On l'a vu mardi sur la séquence de son but vers la fin de la deuxième période. Le Lightning a été pris de court à sa ligne bleue, à la suite du revirement provoqué par Patric Hornqvist. Comme un fauve, Crosby a récupéré la rondelle et il a embrayé en cinquième vitesse pour se moquer de deux rivaux et de déjouer le gardien Andrei Vasilevskiy.

« Dès que j'ai fait demi-tour avec la rondelle, j'ai vu un peu d'espace devant et j'ai accéléré dans l'ouverture. Patric a fait un superbe jeu. S'il ne crée pas le revirement dans son repli, il ne se passe rien et le Lightning contre-attaque sans doute. »

Jeudi, à l'occasion du septième match contre le Lightning de Tampa Bay au Consol Energy Center (20h HE; TVA Sports, CBC, NBCSN), Crosby tentera de propulser les Penguins vers une participation à la finale de la Coupe Stanley. Ce serait sa troisième pour lui - sa première depuis que les Penguins ont gagné la coupe en 2009.

« Au fil des expériences que vous accumulez, vous réalisez combien c'est difficile de vivre des occasions semblables, a-t-il commenté. S'il y a quelque chose, vous appréciez davantage d'être rendu à ce stade des séries parce que vous devez le mériter. »

Tant Crosby que Sullivan ainsi que les joueurs du Lightning, on n'estime pas qu'aucune équipe ne va amorcer le match no 7 avec un avantage psychologique ou autre.

« Nous demeurons exactement dans la même position que mardi, a rappelé Crosby. Vous avez vu la façon que nous nous sommes comportés et que nous avons jouée.
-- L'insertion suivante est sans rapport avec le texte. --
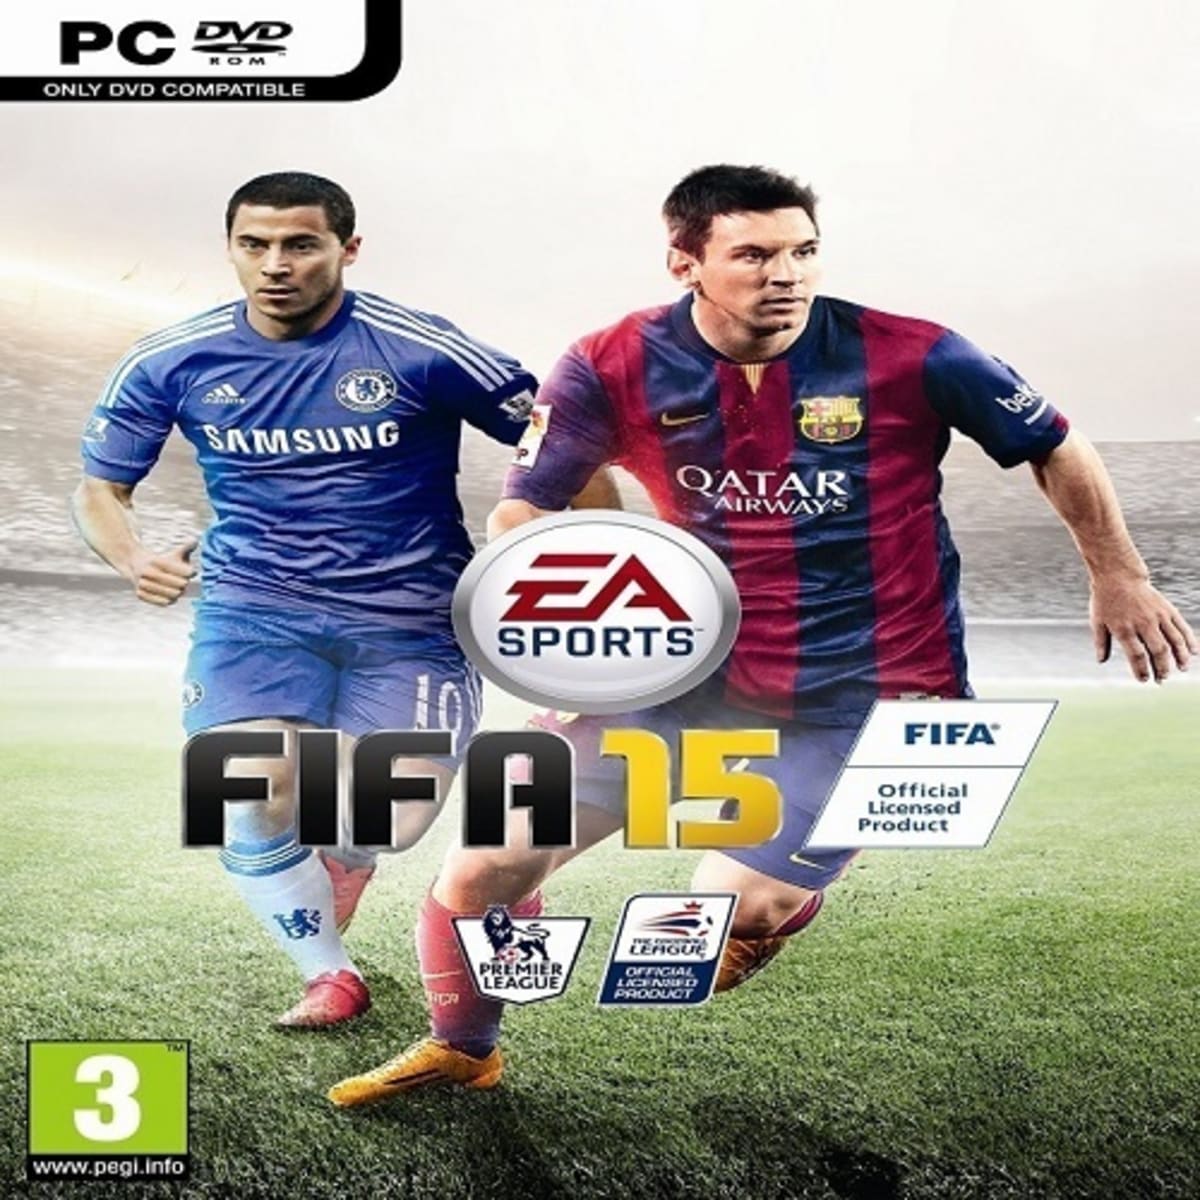 Game Fifa 15 - PC - GAMES E CONSOLES - GAME PC : PC Informática

Je m'attends à ce que nous fassions la même chose jeudi. »

Les Penguins n'ont guère eu de succès à domicile dans les matchs ultimes en séries éliminatoires, avec un dossier de 2-7. Ils ont un dossier parfait de 5-0 à l'étranger.
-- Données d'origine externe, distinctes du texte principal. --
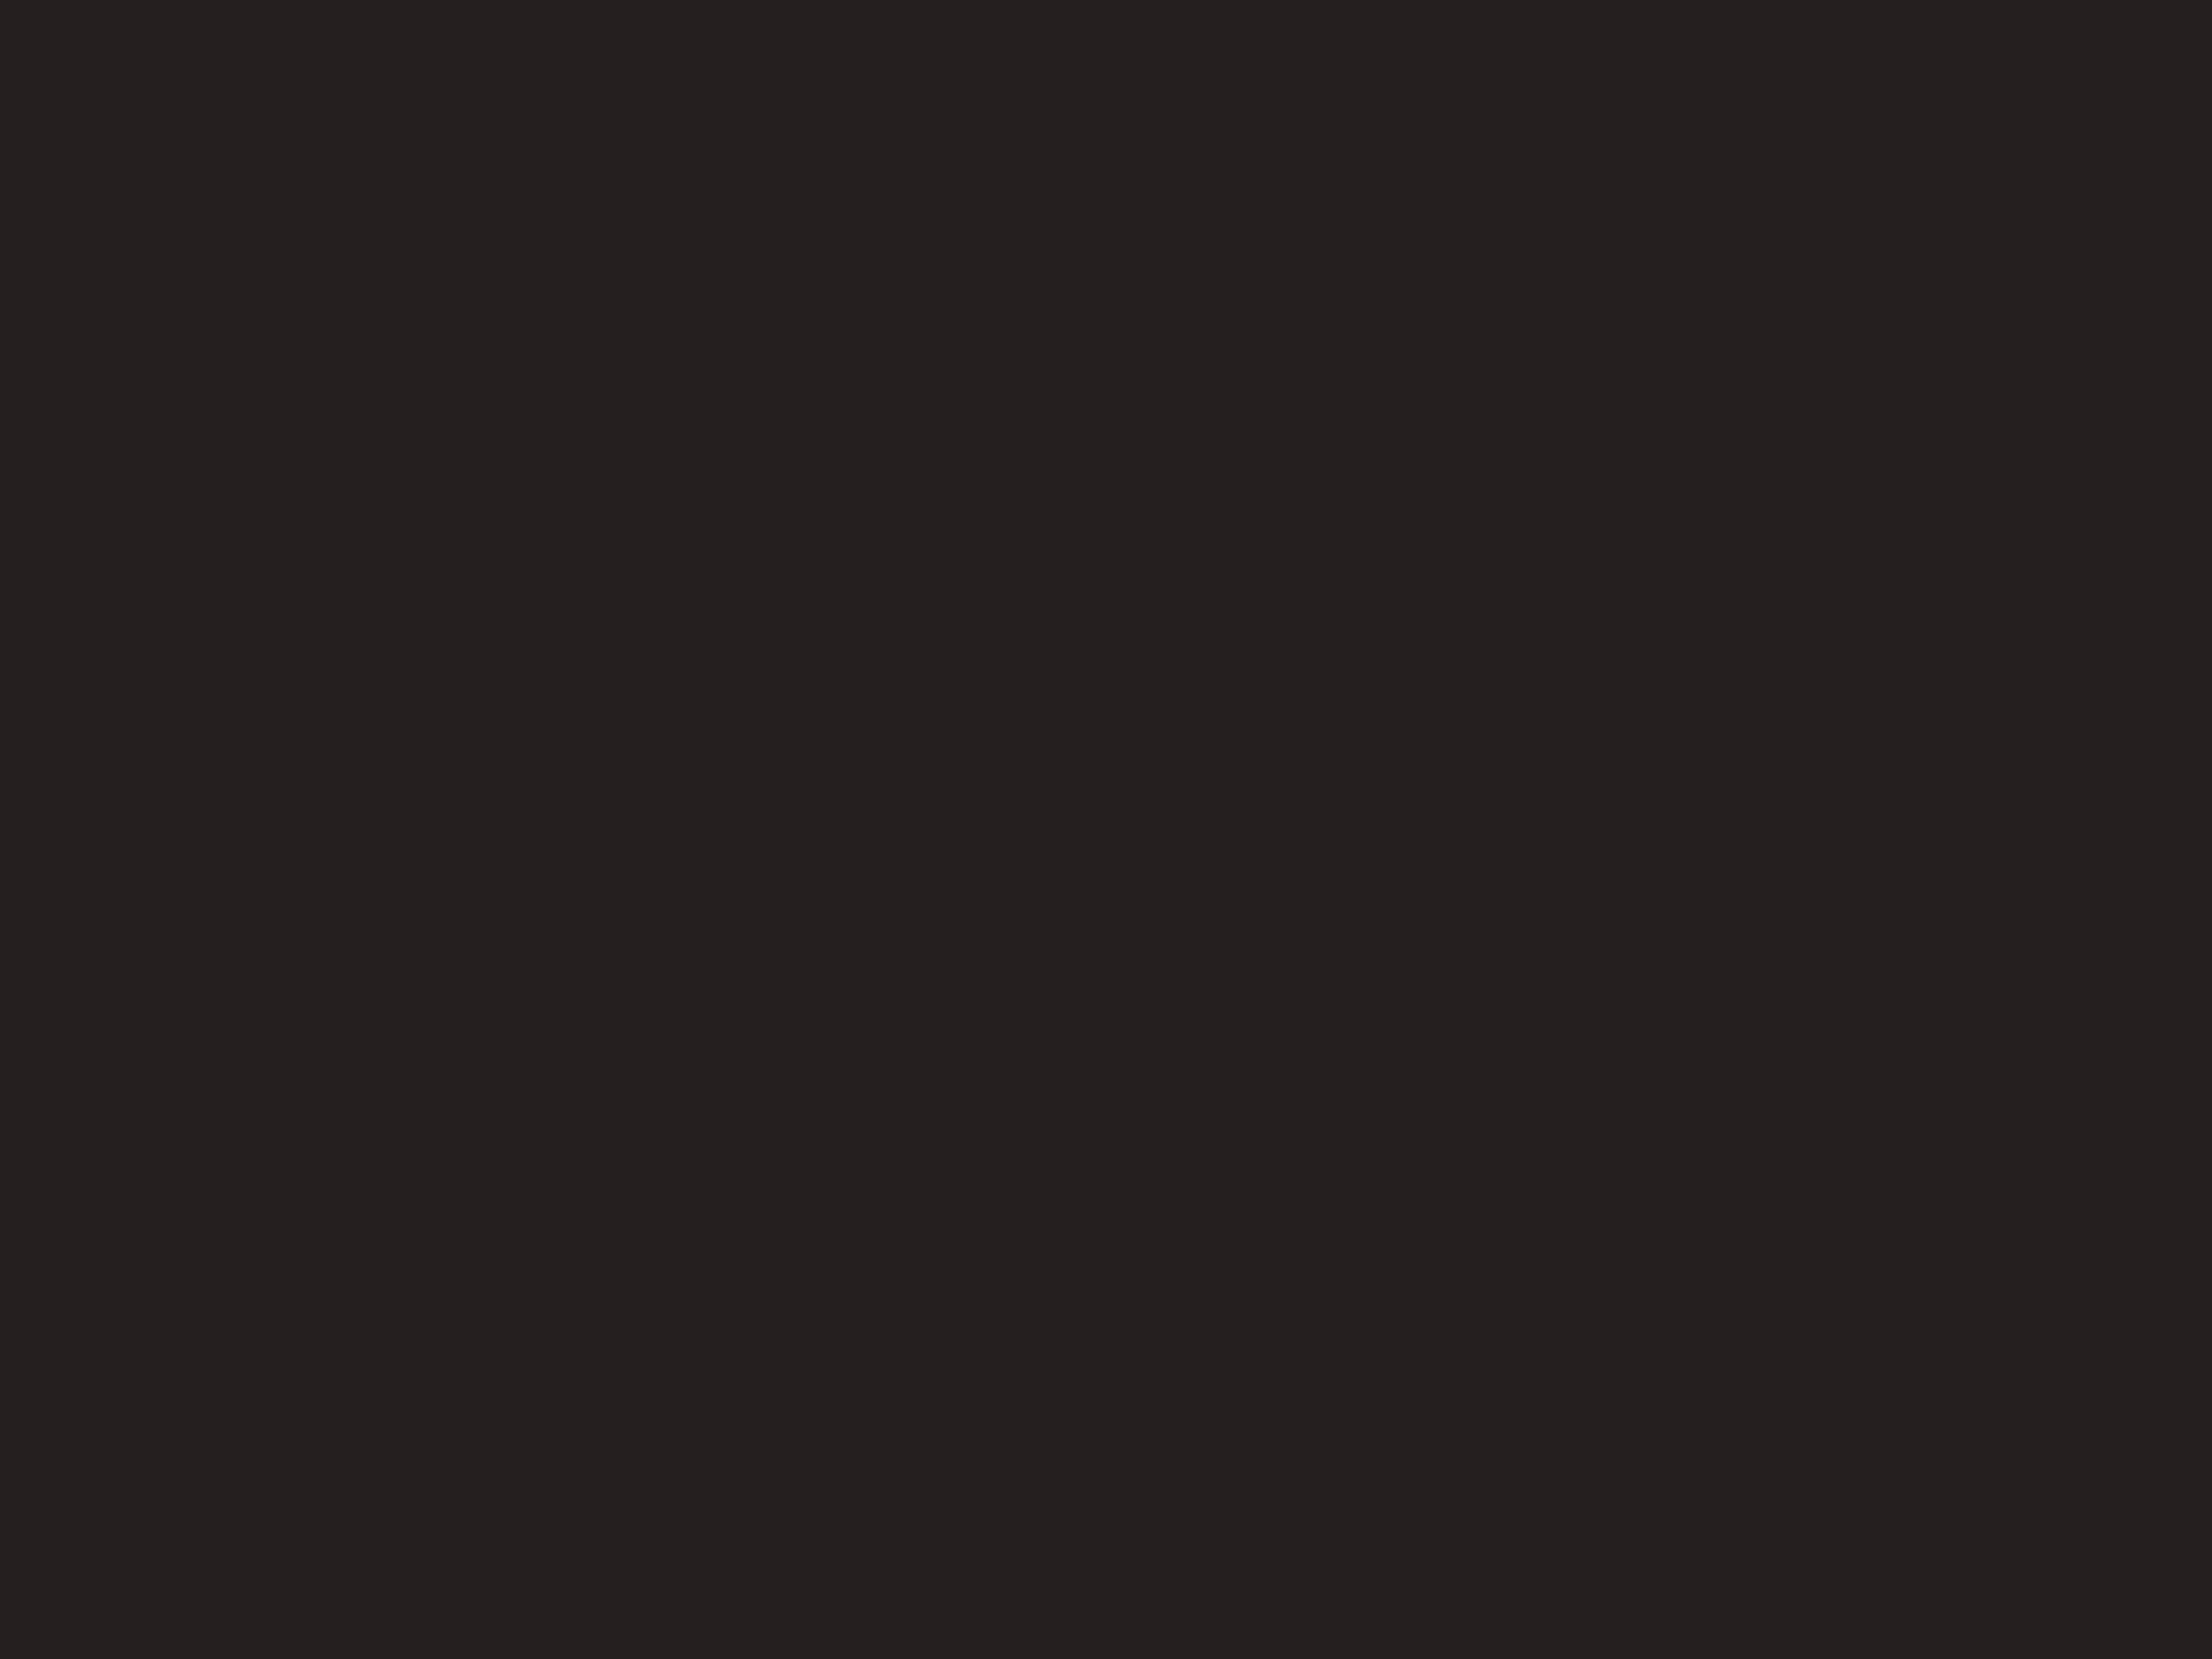 Сцена из спектакля Ренаты Литвиновой «Северный ветер». 2017 год. Московский художественный театр имени А.П. Чехова, Москва. Фотография: Артем Коротаев / ТАСС

En 2011, les deux équipes s'étaient retrouvées dans une septième rencontre à Pittsburgh. Le Lightning l'avait emporté 1-0 grâce au but de Sean Bergenheim et aux 36 arrêts de Dwayne Roloson. Comme quoi, il a coulé beaucoup d'eau sous les ponts en cinq ans…
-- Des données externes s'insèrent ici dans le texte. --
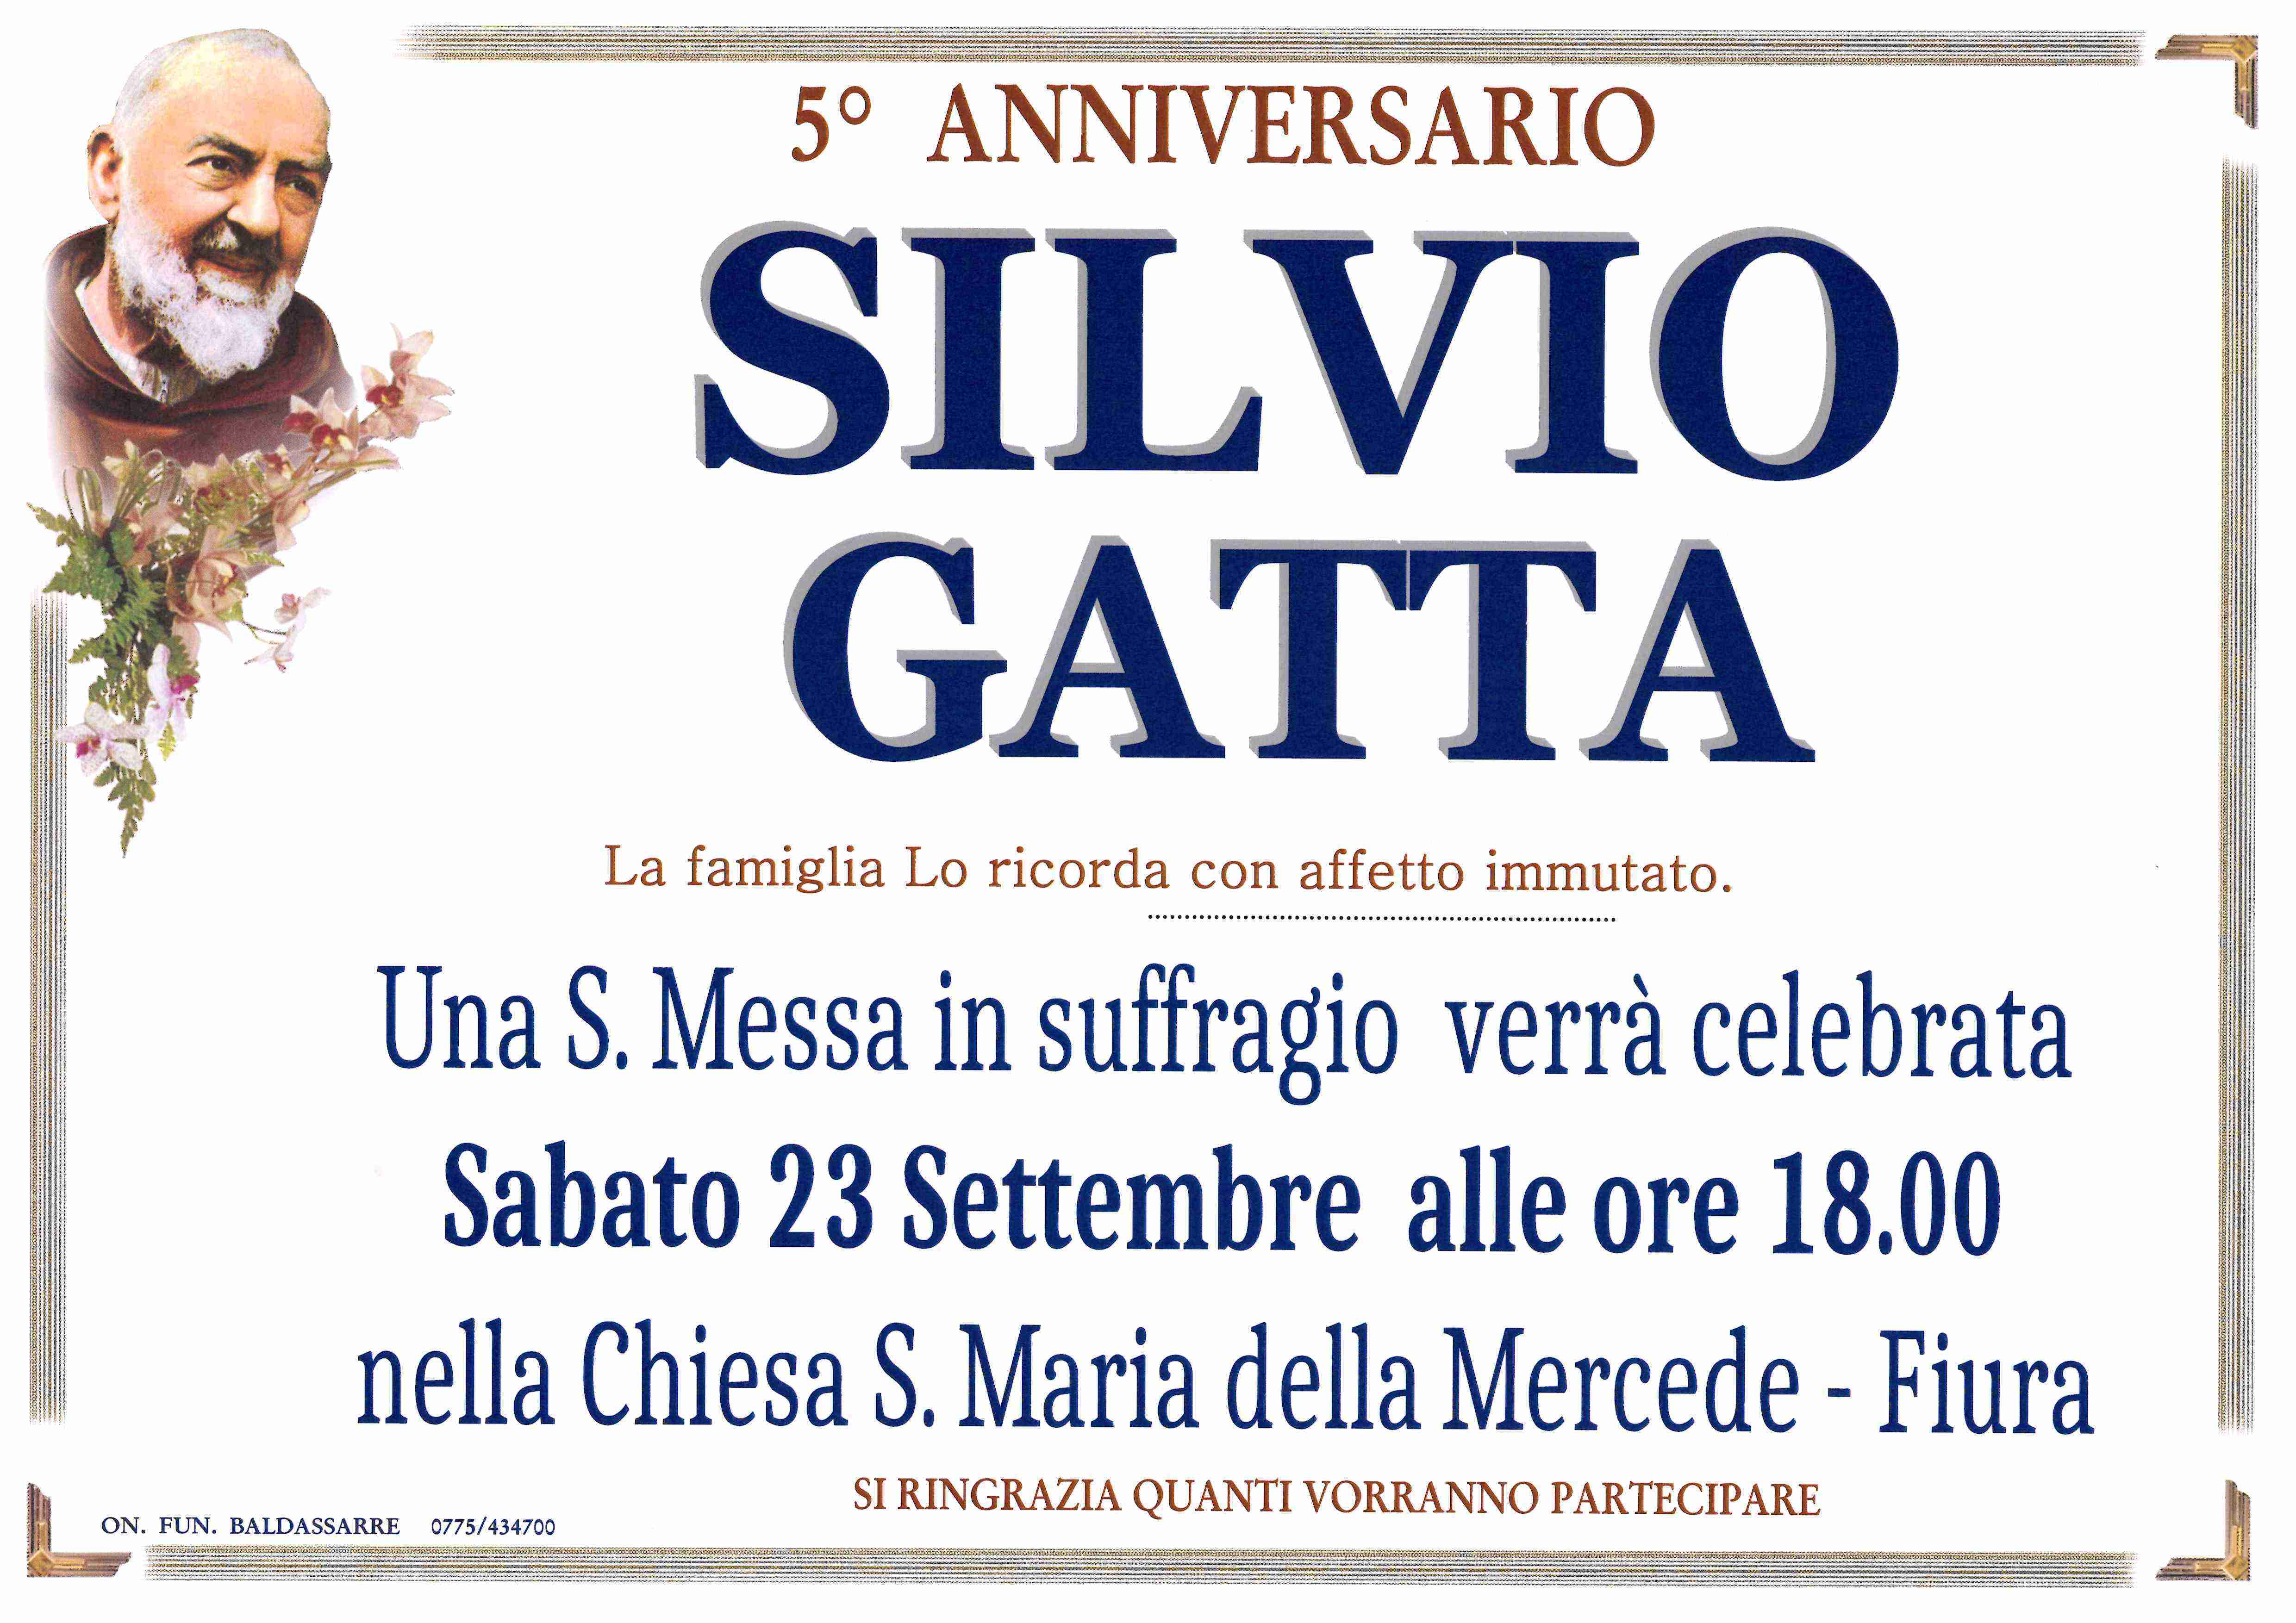 Silvio Gatta

Pour la petite histoire, Crosby tentera d'être le deuxième joueur de l'histoire de la LNH à obtenir les quatre buts gagnants de son équipe dans une même série. Le seul qui peut se targuer de cette distinction est Mike Bossy des Islanders de New York qui a signé l'exploit en finale d'association en 1983 contre les Bruins de Boston - que les Islanders ont gagnée 4-2.